AssemblyAI’s streaming system receives audio in a streaming fashion, it returns transcription responses in real-time using the format specified above. Unlike many other streaming speech-to-text models that implement the concept of partial/variable transcriptions to show transcripts in an ongoing manner, Universal-Streaming transcriptions are immutable.

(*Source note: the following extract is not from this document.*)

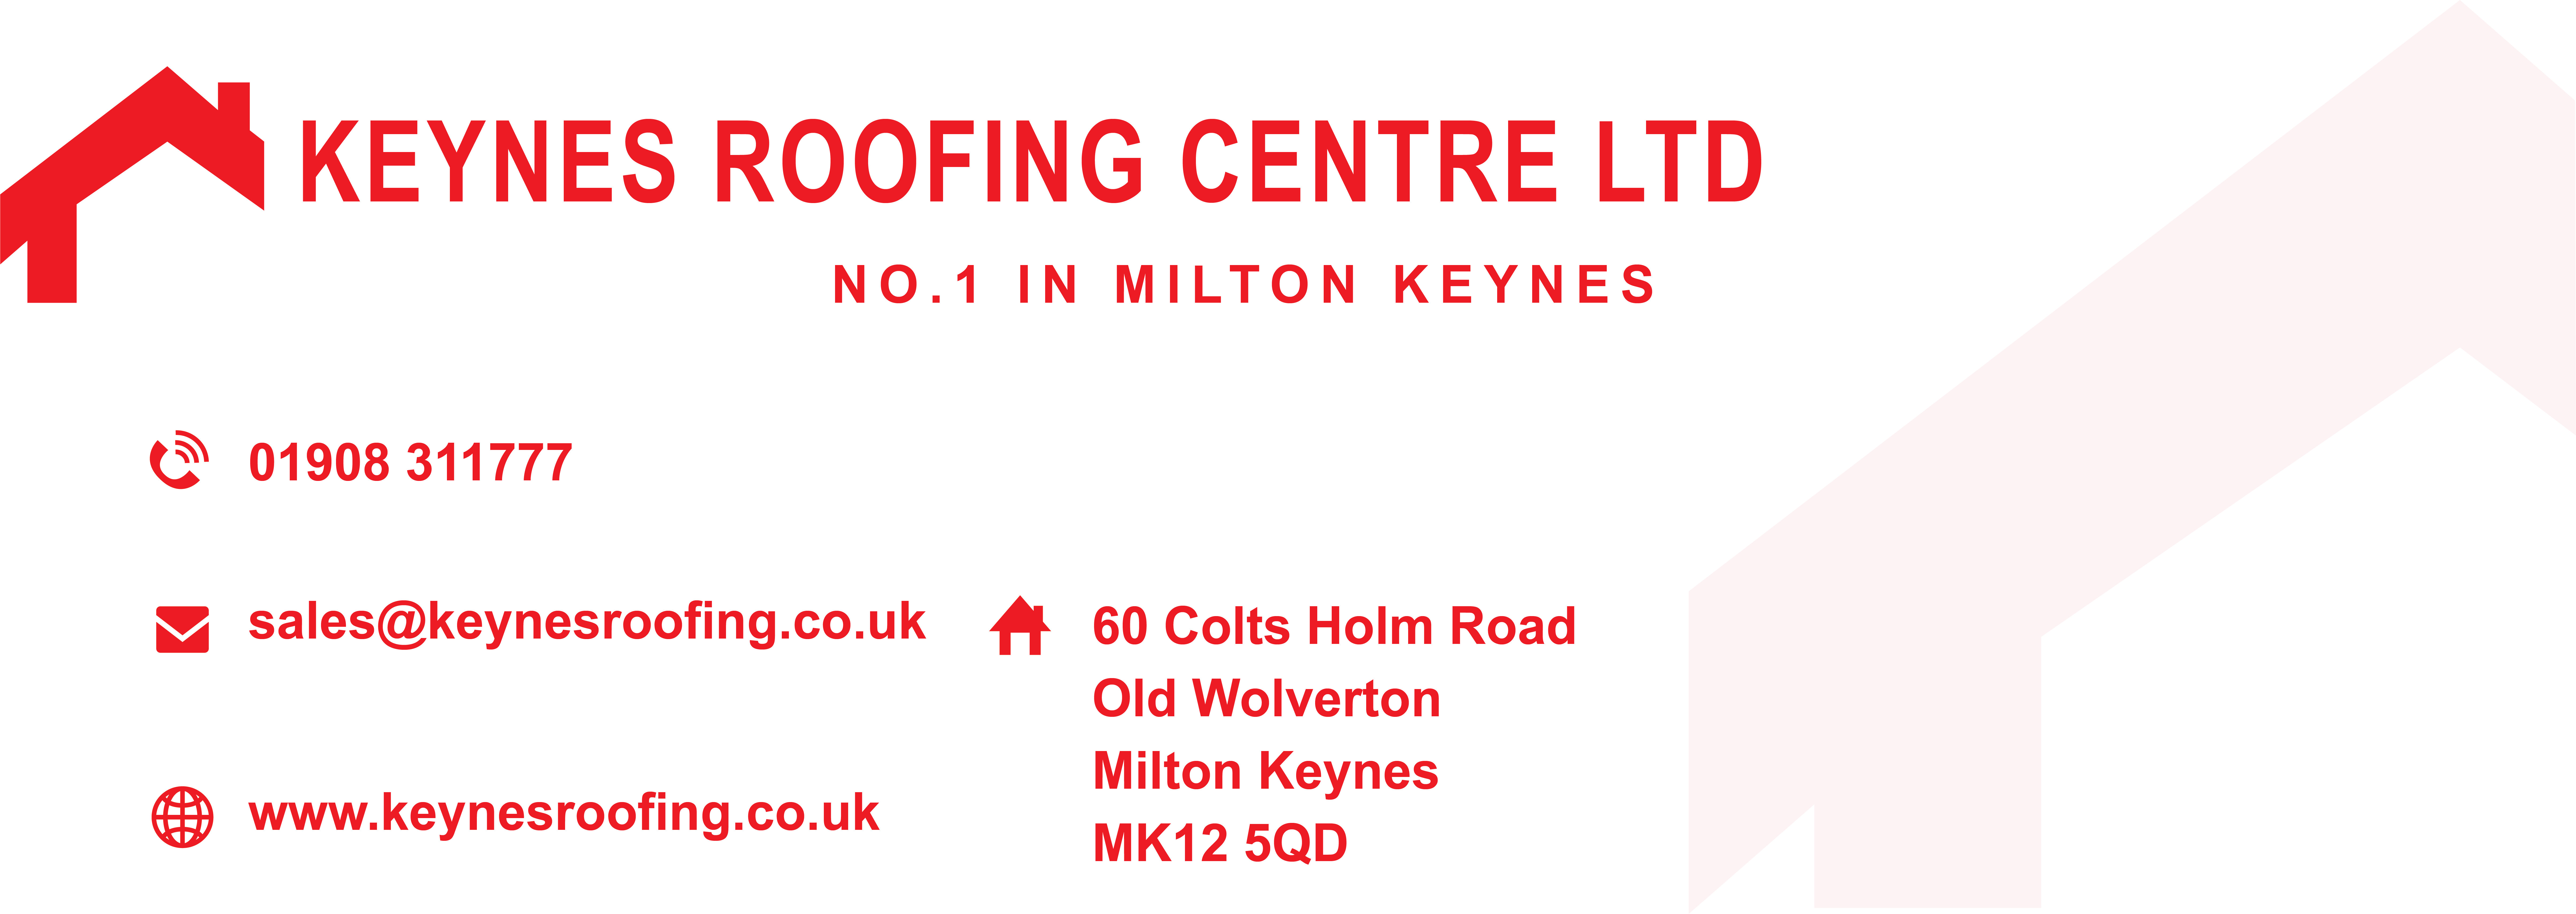 Keynes Roofing Centre Ltd

In other words, the text that has already been produced will not be overwritten in future transcription responses. Therefore, with Universal-Streaming, the transcriptions will be delivered in the following way:

1→ Hello my na
2→ Hello my name
3→ Hello my name
4→ Hello my name is
5→ Hello my name is Zac
6→ Hello my name is Zack

When an end of the current turn is detected, you receive a message with end_of_turn set to true. If you enable text formatting by setting format_turns=true, you will also receive a transcription response with turn_is_formatted set to true.

1→ Hello my name is Zack
2→ Hello, my name is Zack. (end_of_turn: true)

In this example, you may have noticed that the last word of each transcript may occasionally be a subword (“Zac” in the example shown above). Each Word object has the word_is_final field to indicate whether the model is confident that the last word is a completed word. Note that, except for the last word, word_is_final is always true.